Action #3405

Implement vectorised response computation for energy dispersion

Added by Knödlseder Jürgen over 3 years ago. Updated about 2 years ago.

Status:In ProgressStart date:10/18/2020
Priority:NormalDue date:
Assigned To:Knödlseder Jürgen% Done:

20%

Category:-
Target version:-
Duration:

Description

For the moment the vectorised response computation brings only a speed-up without energy dispersion. The code needs to be restructured to achieve also a speed-up with energy dispersion enabled.


Recurrence

No recurrence.


Related issues

Related to GammaLib - Action #3390: Implement vectorised computation of energy dispersion Rejected 10/14/2020

History

#1 Updated by Knödlseder Jürgen over 3 years ago

One possibility to do this at high level would be to add methods that GEventCube that return the number of energy bins and that allow iterating over all event bins for a given energy bin. This will allow for instruments where data are binned in energy to process energy bin after energy bin, using high-level energy dispersion information.

What would be needed is something like this:

GEventBin* GEventCube::first_event_bin(const int& iebin);
GEventBin* GEventCube::next_event_bin(const int& iebin);
Note that a
GEbounds   GEvents::ebounds(void) const;
method exists already at the level of the GEvents class, which allows accessing how many energy bins exist.
The methods can then be used as follows to loop over all events in an energy bin:
for (GEventBin* bin = first_event_bin(iebin); bin != NULL; bin = next_event_bin(iebin)) {
    ...
}

#2 Updated by Knödlseder Jürgen over 3 years ago

I’m not sure that such methods are actually useful, since what counts is the minimisation of the spatial transformations.

#3 Updated by Knödlseder Jürgen over 3 years ago

Here is the current performance of the code using energy dispersion. The values were taken from issue #3203.

Code CPU Iterations logL
Reference 11385.7 s 2 122531.429
Using vector response, still event-by-event evaluation 10871.2 s 2 122531.429

#4 Updated by Knödlseder Jürgen over 3 years ago

  • Status changed from New to In Progress
  • Assigned To set to Knödlseder Jürgen
  • % Done changed from 0 to 10

Before starting the vectorisation I wrote down the current code status in the TN0003 and restructured a bit the GResponse class so that four virtual methods are now dealing with event-wise and vectorised event probability computation for the two cases of neglecting or using the energy dispersion.
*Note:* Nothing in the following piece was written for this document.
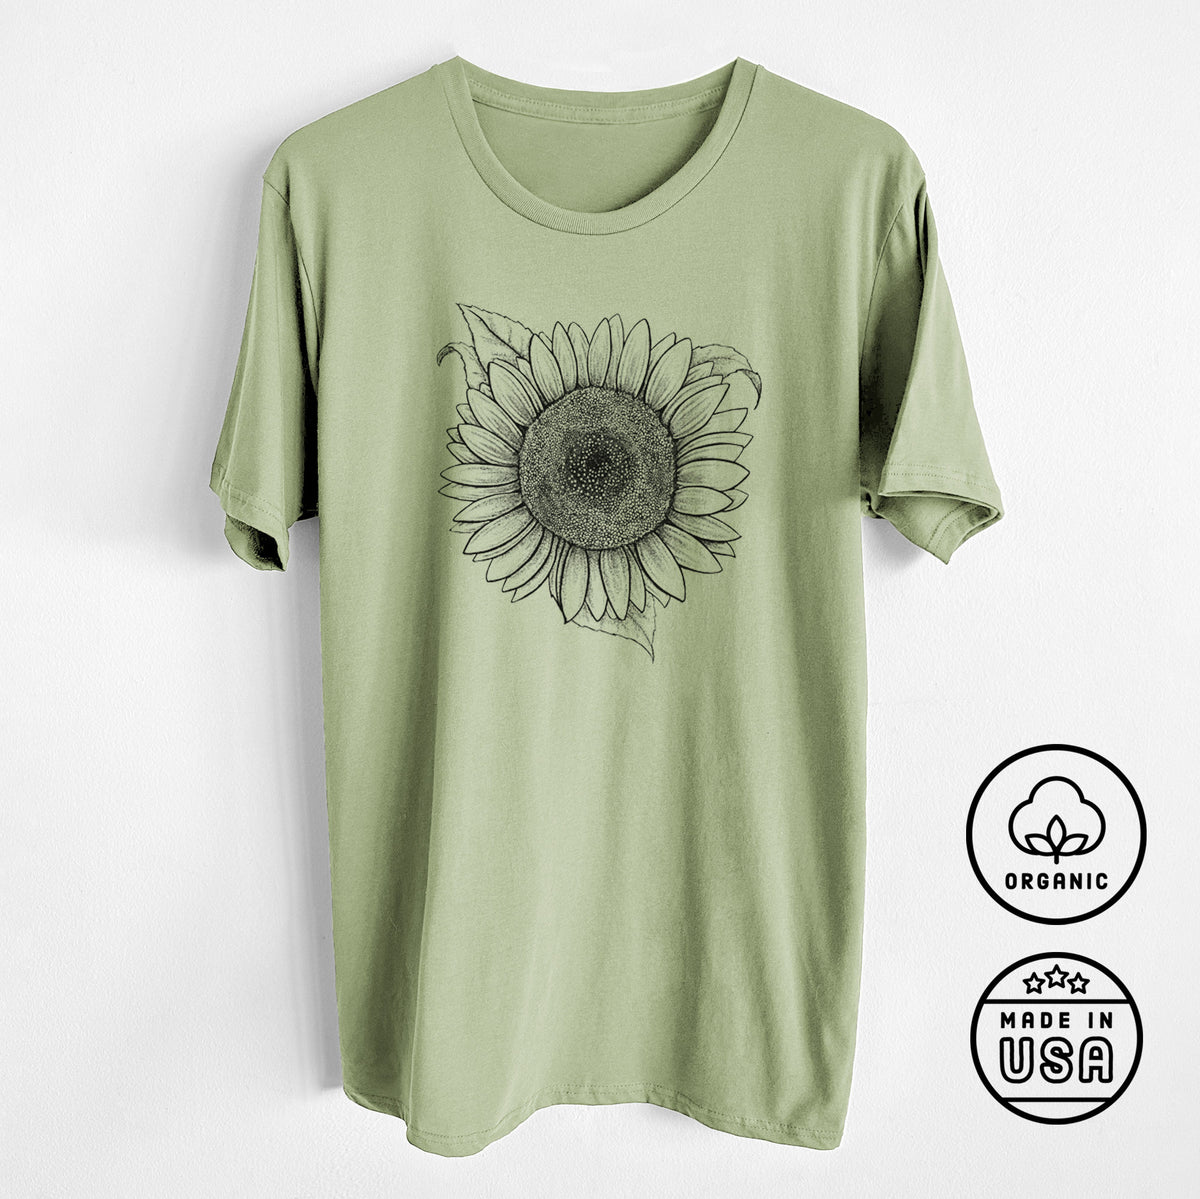 Lemon Queen Sunflower - Helianthus Annuus - Unisex Crewneck - Made in USA - 100% Organic Cotton

This allows overloading of the various computations by instrument-specific implementations.

virtual double  eval_prob_no_edisp(const GModelSky&    model,
                                   const GEvent&       event,
                                   const GEnergy&      srcEng,
                                   const GTime&        srcTime,
                                   const GObservation& obs,
                                   const bool&         grad) const;
virtual double  eval_prob_edisp(const GModelSky&    model,
                                const GEvent&       event,
                                const GTime&        srcTime,
                                const GObservation& obs,
                                const bool&         grad) const;
virtual GVector eval_probs_no_edisp(const GModelSky&    model,
                                    const GObservation& obs,
                                    GMatrixSparse*      gradients) const;
virtual GVector eval_probs_edisp(const GModelSky&    model,
                                 const GObservation& obs,
                                 GMatrixSparse*      gradients) const;

#5 Updated by Knödlseder Jürgen over 3 years ago

  • % Done changed from 10 to 20

As a first modification, the vector computation of analytical spatial model gradients was added. So far there is no support for the event wise spatial model gradients in the CTA interface, but at least the code structure makes such a support possible, and support can be implemented at CTA level.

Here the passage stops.